И горько так, горько заплакал…

(Четыре новеллы)

 

Танго

 

Ты говорила, что это невозможно. Что лишь безумцы в одну и ту же реку входят дважды. Я не знал продолженья. Но в том, что река одна и та же, сомнений не было. Топкие берега с бритвами-листьями жёлтой осоки и сонными полупрозрачными птицами.

Боль… Я не чувствовал боли. Я сжимал твою руку и старался не думать почти ни о чём, кроме жестокости. Той, что спасла тебя в прошлом. В прошлом, где просто была игра… и одиночество – как повод к перетряхиванию извилин от пыли. Где я был так же слеп, как сегодня, не понимая, что настоящая женщина должна быть жестока.

Движенье воды, и дюжина пляшущих лодок. Герои в твидовых пиджаках, с которыми ты забывала меня. Я клеил им номера, как лошадям в дерби, и мысленно давал гонг, заведомо зная, что серая лошадка твоей жестокости непобедима.

Лето, перечёркнутое дождями, просачивалось сквозь стебли. И лес, с плотной, бугрящейся от избытка сил корой, бесстыдно разглядывал нас.

Это было как танго, в котором страсть существует помимо движений. Полусонные птицы тыкались нам в ладони красными и жёлтыми клювами. И ты была слишком родной для того, чтобы всё это длилось по-настоящему долго.

 

Охотник

 

Когда-то он был… А так ли уж важно, кем был он? Охотник… Теперь он Охотник. Красивые чучела зайца и утки всегда у него на ремне. Неважно, что заяц и летом предательски бел, а утки в окрестных лесах отродясь не водилось. В деревне охотник не хуже, чем мельник, и даже не хуже, чем пахарь. Деревня – пристанище хмурых людей. Их лица землистого цвета мужские от женских Охотник едва отличал. В деревне он был чужаком. Когда одинокие вдовы стучались к нему по ночам, он плакал, сгребая горстями подушку, а утром в лесу, откликаясь далёкому волчьему вою, отчаянно выл.

Лесные тропинки всегда возвращались к деревне. Однажды Охотник пошёл вопреки им и в ночь вышел к морю. Огромное море играло большим отраженьем луны, и небо открыло ему незнакомые звёзды. Охотник прилёг на прибрежную гальку и, глядя в глубокое небо, уснул.

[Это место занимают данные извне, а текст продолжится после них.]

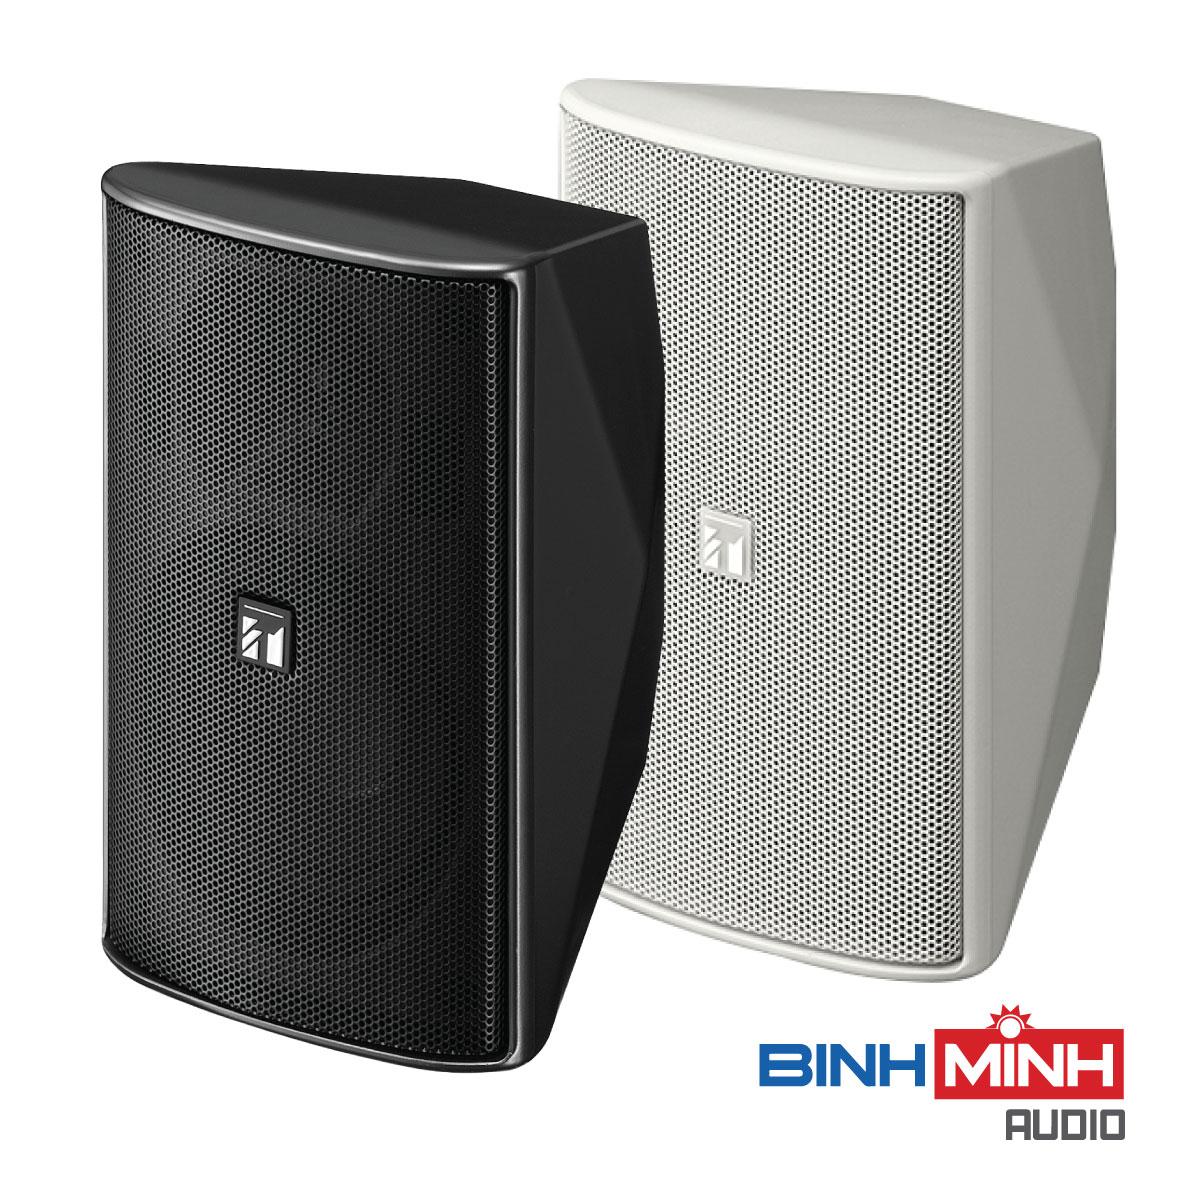 Loa hộp treo tường 60W TOA F-2000WT/BT Giá Tốt Tại Binh Minh AudioBình Minh  Audio – Âm Thanh Chuyên Nghiệp
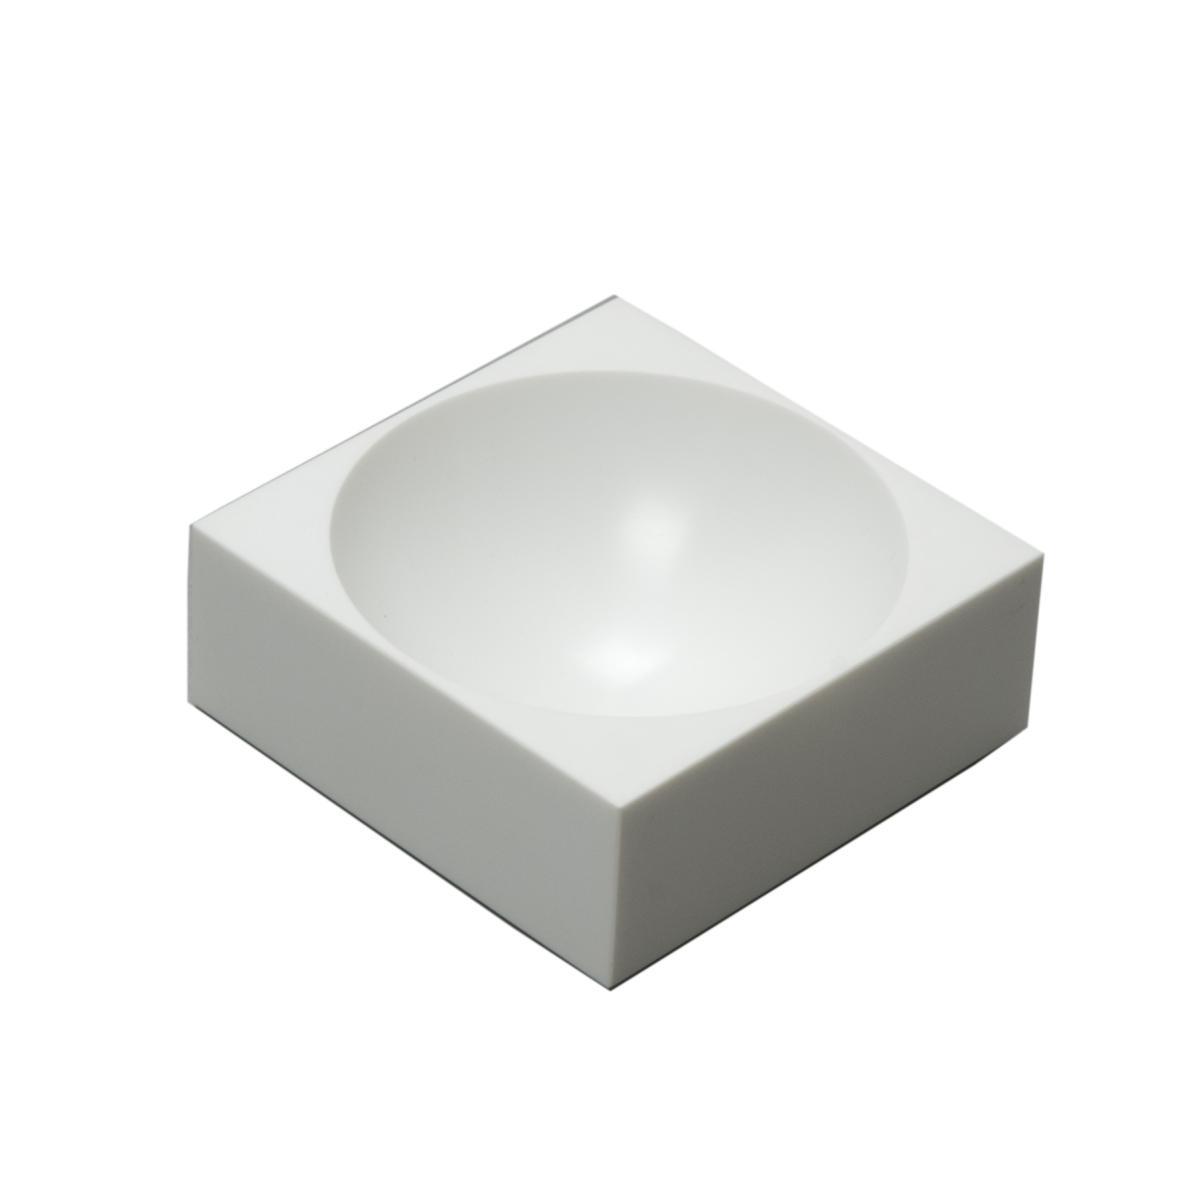 farmer block Magnet-Schale 8 x 8 cm, Caltrava weiß

Наутро его разбудил человек, ничем не похожий на хмурых крестьян. Улыбка. Забытое рукопожатье.

– Рыбак.

Сказали друг другу лишь несколько слов и стали друзьями. И сразу в рыбацком домишке напились, и пьяный Рыбак рассказал, что немало чудес повидал он на свете, да только ещё не поймал свою главную рыбу. Охотник кивал и, глядя тайком на упругие бёдра жены Рыбака, не верил. Красива жена рыбака. Браслетов жемчужные зёрна на тонких запястьях. К столу подавала, и плотные груди почти обнажались в наклоне.

Нередко с тех пор появлялся Охотник в домишке у моря. Порой помогал Рыбаку управляться с сетями и путался в них неумело. Играл для друзей вечерами на старенькой флейте. Гуляли, смеялись. Втроём… Так было…

Но выпала ночь, колючая, с первым безудержным снегом. И ветер был горек в ту ночь. Рыбак не вернулся, и в доме у моря Охотник пробыл до утра…

Был утренний снег отчаянно бел, когда на взлохмаченном цинке воды качнулась разбитая лодка…

Подальше от моря! Скорее! Нельзя оглянуться!..

С той ночи Охотник уже не ходил на охоту, а чучело белого зайца и утки, невиданной в этих местах, он бросил в огонь…

Теперь деревенские вдовы не знали отказа… А вскоре Охотник и вовсе женился… На самой из них некрасивой, но самой богатой… И будто бы ладно зажили они, да только исчез он однажды, оставив жене полинялую шляпу с пером да старую флейту.

«Чудной», – говорили одни. Другие судачили, будто бы слышали эхо от выстрела где-то… Легко ли не верить?..

Бывало, и эхо соврёт.

 

День

 

Утром во мне поселился старик.

– Выпьем? – предложил я.

Пил я, уже не помню, который день кряду, и мысли разнообразием не отличались.

– Это можно, – согласился он. – Да не напрягайся ты так. Я ведь не в гости. Теперь насовсем… со всем, так сказать, скарбом.

– Э-э… Не дури, старый. «Насовсем» мне и самому с собой уже в тягость. – Я плеснул ему, не жалея. – Давай-ка вот, «накати» и отчаливай, как говорится. Иди, куда шёл.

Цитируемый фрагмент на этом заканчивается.